[Dataset entries]
*** Block opens ***
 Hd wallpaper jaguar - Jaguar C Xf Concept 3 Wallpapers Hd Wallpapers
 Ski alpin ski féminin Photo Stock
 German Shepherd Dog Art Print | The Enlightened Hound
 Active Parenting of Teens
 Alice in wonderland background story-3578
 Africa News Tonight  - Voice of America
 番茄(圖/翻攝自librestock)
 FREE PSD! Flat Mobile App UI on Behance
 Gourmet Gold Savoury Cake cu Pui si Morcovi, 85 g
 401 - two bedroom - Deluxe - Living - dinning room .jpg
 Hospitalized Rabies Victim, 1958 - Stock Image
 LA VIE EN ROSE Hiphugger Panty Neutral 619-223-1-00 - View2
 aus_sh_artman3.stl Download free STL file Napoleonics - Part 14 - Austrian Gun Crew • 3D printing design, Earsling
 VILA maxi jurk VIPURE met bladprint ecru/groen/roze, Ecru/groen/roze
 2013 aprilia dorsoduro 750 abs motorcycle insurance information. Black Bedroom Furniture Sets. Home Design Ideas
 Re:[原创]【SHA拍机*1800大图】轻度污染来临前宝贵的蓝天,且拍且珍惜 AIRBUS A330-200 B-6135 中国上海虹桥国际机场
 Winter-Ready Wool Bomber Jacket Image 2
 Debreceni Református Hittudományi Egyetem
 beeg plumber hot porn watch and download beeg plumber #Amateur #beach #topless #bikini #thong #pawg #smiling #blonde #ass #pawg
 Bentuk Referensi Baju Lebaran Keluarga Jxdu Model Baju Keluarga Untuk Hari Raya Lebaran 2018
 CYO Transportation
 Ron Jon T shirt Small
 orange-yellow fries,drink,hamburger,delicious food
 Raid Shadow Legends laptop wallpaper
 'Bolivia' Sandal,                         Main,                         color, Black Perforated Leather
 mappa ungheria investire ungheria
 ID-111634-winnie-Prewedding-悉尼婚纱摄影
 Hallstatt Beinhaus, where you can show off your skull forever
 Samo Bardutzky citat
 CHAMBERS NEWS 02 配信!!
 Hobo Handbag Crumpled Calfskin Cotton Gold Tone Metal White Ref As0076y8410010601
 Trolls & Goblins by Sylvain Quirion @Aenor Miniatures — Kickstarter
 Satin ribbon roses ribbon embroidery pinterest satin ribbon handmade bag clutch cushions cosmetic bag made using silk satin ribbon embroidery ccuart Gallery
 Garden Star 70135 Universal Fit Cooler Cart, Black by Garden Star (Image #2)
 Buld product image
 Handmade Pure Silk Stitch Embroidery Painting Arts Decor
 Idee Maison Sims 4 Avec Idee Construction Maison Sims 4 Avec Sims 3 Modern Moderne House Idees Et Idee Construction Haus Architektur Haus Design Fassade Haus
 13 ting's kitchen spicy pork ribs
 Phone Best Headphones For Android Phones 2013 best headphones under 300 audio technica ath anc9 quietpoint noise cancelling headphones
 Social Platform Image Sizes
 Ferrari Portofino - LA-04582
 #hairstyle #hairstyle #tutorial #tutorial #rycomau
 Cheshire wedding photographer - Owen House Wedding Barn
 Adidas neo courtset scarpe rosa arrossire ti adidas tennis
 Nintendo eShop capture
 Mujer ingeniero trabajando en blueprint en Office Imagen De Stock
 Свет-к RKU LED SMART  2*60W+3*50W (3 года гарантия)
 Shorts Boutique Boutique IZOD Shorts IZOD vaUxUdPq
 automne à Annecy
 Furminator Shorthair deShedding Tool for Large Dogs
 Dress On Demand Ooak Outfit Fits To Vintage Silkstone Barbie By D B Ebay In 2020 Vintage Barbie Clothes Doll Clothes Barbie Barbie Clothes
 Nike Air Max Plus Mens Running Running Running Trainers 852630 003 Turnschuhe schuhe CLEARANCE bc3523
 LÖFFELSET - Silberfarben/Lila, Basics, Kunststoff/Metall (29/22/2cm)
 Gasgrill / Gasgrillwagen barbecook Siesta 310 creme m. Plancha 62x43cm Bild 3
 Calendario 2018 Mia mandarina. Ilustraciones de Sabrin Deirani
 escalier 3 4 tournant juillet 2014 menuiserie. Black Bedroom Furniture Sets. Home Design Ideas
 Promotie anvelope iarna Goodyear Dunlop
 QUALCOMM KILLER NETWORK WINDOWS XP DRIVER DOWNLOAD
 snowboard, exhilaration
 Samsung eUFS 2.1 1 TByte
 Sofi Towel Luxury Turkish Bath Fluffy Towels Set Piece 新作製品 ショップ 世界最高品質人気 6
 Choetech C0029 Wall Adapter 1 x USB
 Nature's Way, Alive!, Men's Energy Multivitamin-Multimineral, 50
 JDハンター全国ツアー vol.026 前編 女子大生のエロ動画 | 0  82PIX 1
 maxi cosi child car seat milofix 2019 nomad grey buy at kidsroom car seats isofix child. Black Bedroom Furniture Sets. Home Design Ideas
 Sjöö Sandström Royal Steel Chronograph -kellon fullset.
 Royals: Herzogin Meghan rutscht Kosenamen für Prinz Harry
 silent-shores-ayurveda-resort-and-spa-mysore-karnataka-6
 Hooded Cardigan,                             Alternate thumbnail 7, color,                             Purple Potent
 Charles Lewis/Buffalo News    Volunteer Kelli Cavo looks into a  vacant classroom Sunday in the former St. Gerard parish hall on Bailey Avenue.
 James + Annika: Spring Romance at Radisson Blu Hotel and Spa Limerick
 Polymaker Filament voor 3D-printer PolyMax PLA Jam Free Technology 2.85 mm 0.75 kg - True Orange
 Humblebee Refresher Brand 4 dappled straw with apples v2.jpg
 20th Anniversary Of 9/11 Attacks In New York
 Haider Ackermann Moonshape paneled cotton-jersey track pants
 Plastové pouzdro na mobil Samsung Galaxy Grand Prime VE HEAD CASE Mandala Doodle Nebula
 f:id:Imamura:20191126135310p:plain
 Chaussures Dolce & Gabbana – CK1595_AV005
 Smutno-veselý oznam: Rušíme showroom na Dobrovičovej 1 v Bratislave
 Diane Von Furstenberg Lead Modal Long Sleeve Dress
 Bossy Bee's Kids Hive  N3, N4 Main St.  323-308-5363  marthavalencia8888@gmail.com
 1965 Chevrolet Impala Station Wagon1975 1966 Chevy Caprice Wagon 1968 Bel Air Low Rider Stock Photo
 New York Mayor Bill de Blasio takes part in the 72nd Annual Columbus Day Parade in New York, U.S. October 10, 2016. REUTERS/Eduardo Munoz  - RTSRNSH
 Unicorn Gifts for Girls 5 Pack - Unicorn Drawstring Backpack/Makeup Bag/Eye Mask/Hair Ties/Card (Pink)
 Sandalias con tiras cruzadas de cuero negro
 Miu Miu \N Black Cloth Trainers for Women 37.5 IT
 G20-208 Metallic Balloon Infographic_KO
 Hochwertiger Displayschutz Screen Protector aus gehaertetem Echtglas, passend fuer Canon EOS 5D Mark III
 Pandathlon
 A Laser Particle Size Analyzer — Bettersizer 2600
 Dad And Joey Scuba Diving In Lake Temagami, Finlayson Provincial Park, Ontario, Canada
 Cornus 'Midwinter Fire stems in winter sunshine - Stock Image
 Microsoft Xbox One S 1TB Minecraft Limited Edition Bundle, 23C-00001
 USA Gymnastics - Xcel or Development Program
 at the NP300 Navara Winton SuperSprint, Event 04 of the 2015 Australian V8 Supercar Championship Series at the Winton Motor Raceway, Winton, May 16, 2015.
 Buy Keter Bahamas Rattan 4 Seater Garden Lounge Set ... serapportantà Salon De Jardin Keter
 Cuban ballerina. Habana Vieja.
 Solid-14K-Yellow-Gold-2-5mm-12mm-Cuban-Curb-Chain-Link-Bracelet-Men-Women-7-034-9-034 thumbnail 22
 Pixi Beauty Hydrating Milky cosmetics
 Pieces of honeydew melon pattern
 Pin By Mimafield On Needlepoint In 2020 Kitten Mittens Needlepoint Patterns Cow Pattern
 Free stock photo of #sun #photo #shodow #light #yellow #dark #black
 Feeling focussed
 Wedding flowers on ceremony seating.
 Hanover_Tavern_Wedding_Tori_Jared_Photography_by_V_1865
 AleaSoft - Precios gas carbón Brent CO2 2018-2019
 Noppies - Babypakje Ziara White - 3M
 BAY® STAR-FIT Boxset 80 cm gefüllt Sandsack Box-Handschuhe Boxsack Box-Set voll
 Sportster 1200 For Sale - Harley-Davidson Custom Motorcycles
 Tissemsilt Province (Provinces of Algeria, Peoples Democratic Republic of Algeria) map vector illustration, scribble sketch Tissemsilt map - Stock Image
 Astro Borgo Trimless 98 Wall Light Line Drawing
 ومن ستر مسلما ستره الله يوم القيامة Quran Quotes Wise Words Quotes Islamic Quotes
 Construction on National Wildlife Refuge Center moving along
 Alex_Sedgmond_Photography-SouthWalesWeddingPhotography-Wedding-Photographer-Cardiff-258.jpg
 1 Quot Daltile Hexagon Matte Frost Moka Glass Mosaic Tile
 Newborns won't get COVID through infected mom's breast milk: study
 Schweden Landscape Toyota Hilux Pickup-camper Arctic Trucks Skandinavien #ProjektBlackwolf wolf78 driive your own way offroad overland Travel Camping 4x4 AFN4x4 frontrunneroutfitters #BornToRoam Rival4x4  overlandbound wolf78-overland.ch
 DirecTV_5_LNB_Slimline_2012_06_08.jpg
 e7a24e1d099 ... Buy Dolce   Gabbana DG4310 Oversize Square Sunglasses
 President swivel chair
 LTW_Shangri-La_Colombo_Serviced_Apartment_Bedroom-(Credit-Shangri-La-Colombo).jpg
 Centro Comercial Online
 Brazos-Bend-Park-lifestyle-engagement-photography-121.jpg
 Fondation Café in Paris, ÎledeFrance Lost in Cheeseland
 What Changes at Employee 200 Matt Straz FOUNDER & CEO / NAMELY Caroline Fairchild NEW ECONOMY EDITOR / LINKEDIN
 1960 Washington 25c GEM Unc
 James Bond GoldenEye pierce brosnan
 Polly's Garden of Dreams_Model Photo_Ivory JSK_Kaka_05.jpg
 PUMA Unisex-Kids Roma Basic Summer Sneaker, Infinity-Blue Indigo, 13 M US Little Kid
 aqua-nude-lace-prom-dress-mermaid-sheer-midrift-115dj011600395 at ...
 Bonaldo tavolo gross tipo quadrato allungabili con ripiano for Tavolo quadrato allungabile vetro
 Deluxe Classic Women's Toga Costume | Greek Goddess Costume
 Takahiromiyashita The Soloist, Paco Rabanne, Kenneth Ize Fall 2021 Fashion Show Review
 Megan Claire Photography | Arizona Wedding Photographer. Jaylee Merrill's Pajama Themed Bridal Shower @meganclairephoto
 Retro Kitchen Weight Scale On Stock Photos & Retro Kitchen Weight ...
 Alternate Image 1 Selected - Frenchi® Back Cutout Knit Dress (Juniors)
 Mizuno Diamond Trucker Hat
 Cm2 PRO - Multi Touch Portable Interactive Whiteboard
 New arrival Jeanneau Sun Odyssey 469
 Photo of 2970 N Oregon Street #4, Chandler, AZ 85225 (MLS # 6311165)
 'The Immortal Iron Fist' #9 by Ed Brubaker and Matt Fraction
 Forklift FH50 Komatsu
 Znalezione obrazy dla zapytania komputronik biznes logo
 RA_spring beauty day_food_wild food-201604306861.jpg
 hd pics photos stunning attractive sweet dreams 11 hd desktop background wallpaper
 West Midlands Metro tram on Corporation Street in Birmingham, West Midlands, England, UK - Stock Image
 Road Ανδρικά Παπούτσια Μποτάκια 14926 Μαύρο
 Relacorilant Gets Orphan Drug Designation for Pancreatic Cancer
*** Block closes ***
▶ [Problem details]
Above are the entries; repeat their lines exactly, from the first through the one that contains "Gourmet Gold Savoury".

▶ [Reply to the exercise]
 Hd wallpaper jaguar - Jaguar C Xf Concept 3 Wallpapers Hd Wallpapers
 Ski alpin ski féminin Photo Stock
 German Shepherd Dog Art Print | The Enlightened Hound
 Active Parenting of Teens
 Alice in wonderland background story-3578
 Africa News Tonight  - Voice of America
 番茄(圖/翻攝自librestock)
 FREE PSD! Flat Mobile App UI on Behance
 Gourmet Gold Savoury Cake cu Pui si Morcovi, 85 g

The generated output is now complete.